Top of GIVEN RECORDS

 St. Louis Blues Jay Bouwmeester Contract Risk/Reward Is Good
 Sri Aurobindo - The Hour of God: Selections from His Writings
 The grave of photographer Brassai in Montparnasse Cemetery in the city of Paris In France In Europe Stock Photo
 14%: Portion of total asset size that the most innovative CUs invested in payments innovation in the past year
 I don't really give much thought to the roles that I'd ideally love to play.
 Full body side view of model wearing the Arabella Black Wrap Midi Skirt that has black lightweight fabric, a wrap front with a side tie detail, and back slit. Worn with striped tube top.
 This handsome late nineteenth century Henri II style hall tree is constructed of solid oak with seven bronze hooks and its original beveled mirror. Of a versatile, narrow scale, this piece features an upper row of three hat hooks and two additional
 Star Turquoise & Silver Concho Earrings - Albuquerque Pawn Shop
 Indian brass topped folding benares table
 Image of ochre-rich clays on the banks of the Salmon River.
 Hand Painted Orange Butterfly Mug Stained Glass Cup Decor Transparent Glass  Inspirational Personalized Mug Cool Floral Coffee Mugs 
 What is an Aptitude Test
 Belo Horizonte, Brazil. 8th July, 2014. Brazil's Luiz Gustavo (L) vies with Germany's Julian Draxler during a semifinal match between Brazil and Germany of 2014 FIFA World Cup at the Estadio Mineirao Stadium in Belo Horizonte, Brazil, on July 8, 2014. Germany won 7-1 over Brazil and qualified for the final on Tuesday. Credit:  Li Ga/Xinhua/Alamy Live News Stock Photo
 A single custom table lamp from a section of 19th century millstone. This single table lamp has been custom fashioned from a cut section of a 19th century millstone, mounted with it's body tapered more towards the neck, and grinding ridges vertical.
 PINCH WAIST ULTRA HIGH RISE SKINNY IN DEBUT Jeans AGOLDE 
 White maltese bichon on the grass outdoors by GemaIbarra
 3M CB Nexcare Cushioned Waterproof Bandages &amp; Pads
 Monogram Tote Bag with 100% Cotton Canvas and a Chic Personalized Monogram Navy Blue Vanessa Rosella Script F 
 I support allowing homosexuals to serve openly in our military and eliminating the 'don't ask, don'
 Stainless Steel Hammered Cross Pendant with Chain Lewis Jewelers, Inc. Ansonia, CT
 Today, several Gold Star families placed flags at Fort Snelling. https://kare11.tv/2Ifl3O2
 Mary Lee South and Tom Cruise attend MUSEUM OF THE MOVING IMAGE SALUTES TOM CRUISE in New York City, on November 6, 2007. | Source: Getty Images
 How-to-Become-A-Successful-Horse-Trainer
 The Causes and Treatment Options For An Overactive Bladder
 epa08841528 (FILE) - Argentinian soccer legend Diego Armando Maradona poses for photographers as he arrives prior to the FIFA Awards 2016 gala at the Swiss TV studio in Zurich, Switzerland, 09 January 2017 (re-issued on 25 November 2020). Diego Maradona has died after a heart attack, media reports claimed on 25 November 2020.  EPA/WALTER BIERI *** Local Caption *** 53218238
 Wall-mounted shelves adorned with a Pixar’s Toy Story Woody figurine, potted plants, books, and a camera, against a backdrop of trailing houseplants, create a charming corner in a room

Bottom of GIVEN RECORDS

▶ **ASSIGNMENT**: Write out the lines from the one containing "epa08841528 (FILE) - Argentinian" through the last line of the records above. Include both of those lines and nothing else.

▶ **RESPONSE**:
 epa08841528 (FILE) - Argentinian soccer legend Diego Armando Maradona poses for photographers as he arrives prior to the FIFA Awards 2016 gala at the Swiss TV studio in Zurich, Switzerland, 09 January 2017 (re-issued on 25 November 2020). Diego Maradona has died after a heart attack, media reports claimed on 25 November 2020.  EPA/WALTER BIERI *** Local Caption *** 53218238
 Wall-mounted shelves adorned with a Pixar’s Toy Story Woody figurine, potted plants, books, and a camera, against a backdrop of trailing houseplants, create a charming corner in a room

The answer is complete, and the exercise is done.